Advancements in Cancer Therapy: Targeting LSD1 and HDAC6/8 with Dual Inhibitors

LSD1, a component of the CoREST complex, plays a role in cancer cell proliferation and survival by interacting with HDAC within the complex. The combined targeting of LSD1 and HDAC has been found to be more effective in combating glioblastoma, AML, and breast cancer, suggesting that dual inhibitors could offer a strategic advantage in cancer treatment without increasing systemic toxicity from multiple drugs.

A series of molecules with either LSD1 or dual LSD1-HDAC activity were developed using computational chemistry. The in vitro potency of these compounds against LSD1 was evaluated using a TR-FRET assay, and their HDAC activity was measured with a fluorimetric assay. Biomarkers for LSD1 and HDAC inhibition were assessed through Western blotting and RT qPCR, while cell proliferation was gauged by an Alamar blue cytotoxicity assay.

One of the compounds, JBI-097, showed exceptional selectivity and potency as a dual inhibitor, with an IC50 of 0.007μM for LSD1 and IC50 values of 0.06μM and 0.1μM for HDAC6 and HDAC8, respectively. JBI-097 demonstrated robust antiproliferative effects on leukemia and multiple myeloma cell lines, outperforming both LSD1 and HDAC6 inhibitors when used individually. In vivo and cell-based target engagement studies indicated an increase in biomarkers such as CD11b, CD86, GFI1b, and tubulin acetylation levels.

JBI-097 was more effective in inhibiting tumor growth in a HEL92.1.7 xenograft model when administered orally compared to the intraperitoneal administration of an HDAC inhibitor. Furthermore, in a MM.1S tumor model, JBI-097 showed a stronger inhibitory effect on tumor growth than single-agent treatments with LSD1 or HDAC6 inhibitors. The combination of JBI-097 with topotecan led to the complete inhibition of tumor growth in the MM.1S xenograft model.

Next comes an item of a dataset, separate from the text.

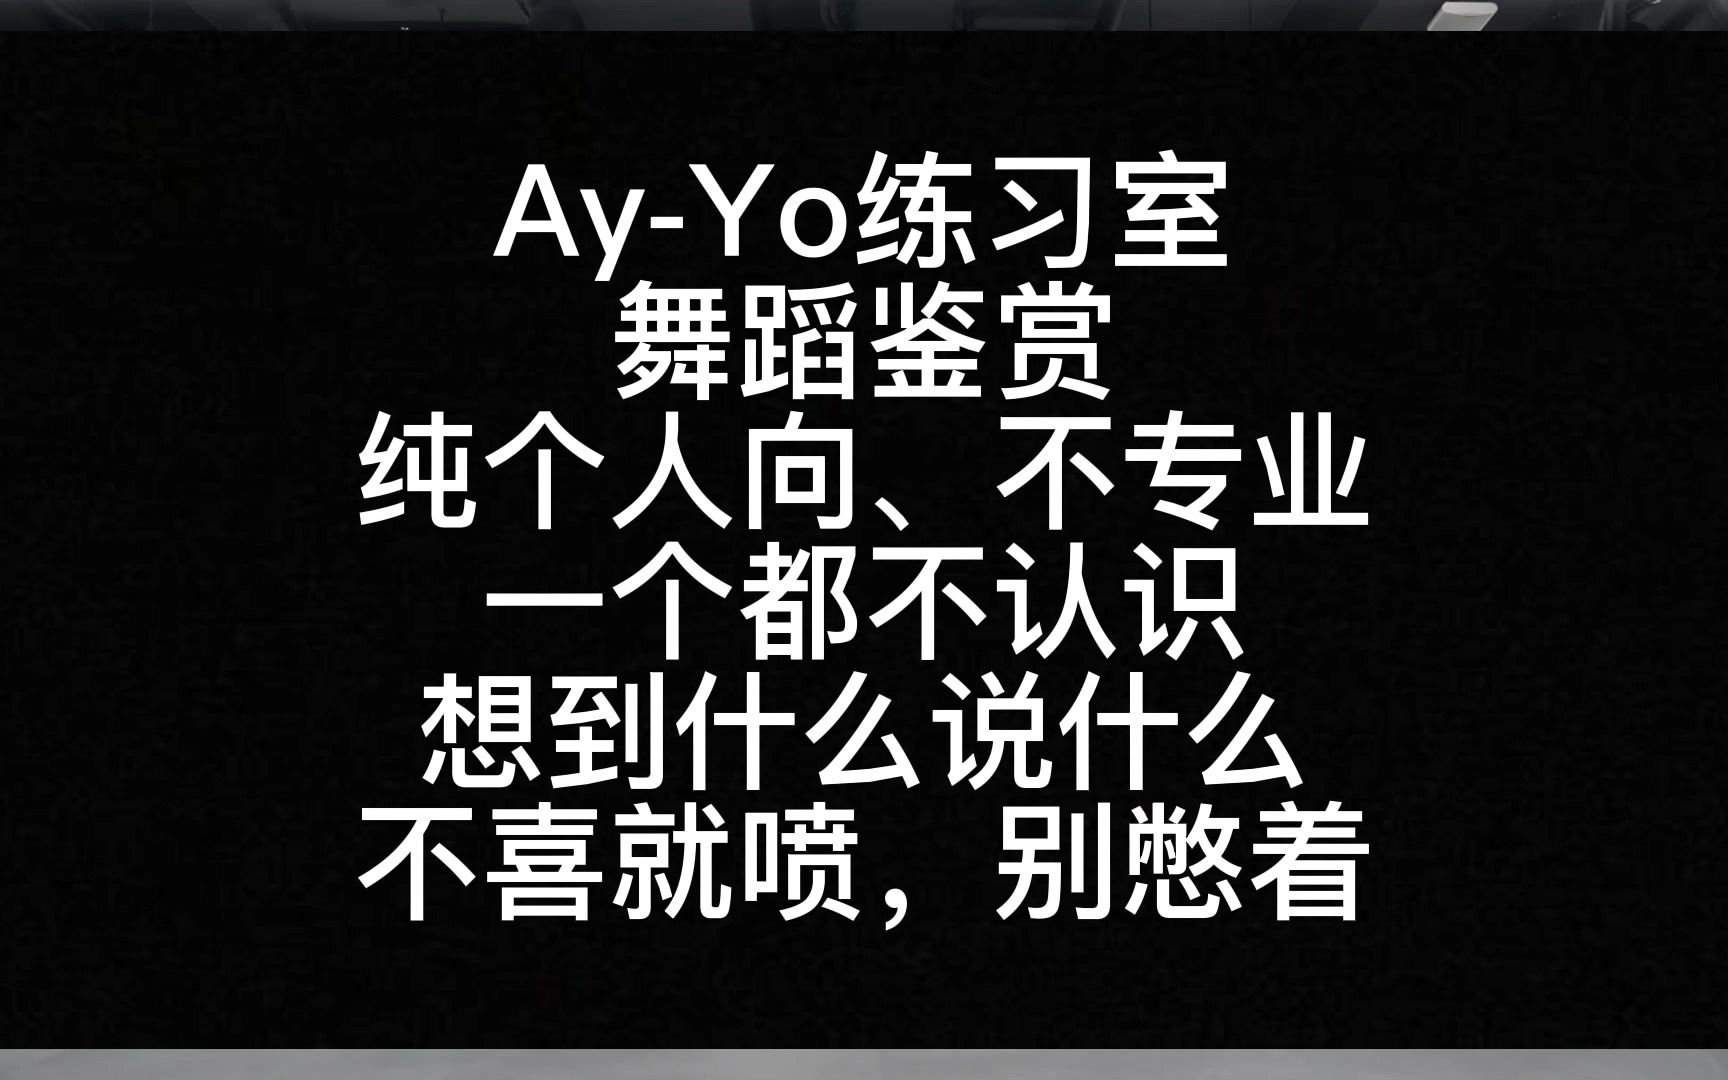 【Reaction】NCT 127 作品‘Ay-Yo’练习室

The findings indicate that it is viable to design dual LSD1-HDAC6/8 inhibitors that maintain individual activity and significantly suppress cell proliferation, presenting these inhibitors as potential powerful therapeutic agents for cancer treatment. Ongoing research is focused on understanding the underlying mechanisms to identify the most effective compounds.

The research was presented by Sivanandhan Dhanalakshmi, Sridharan Rajagopal, and colleagues at the American Association for Cancer Research Annual Meeting in 2018.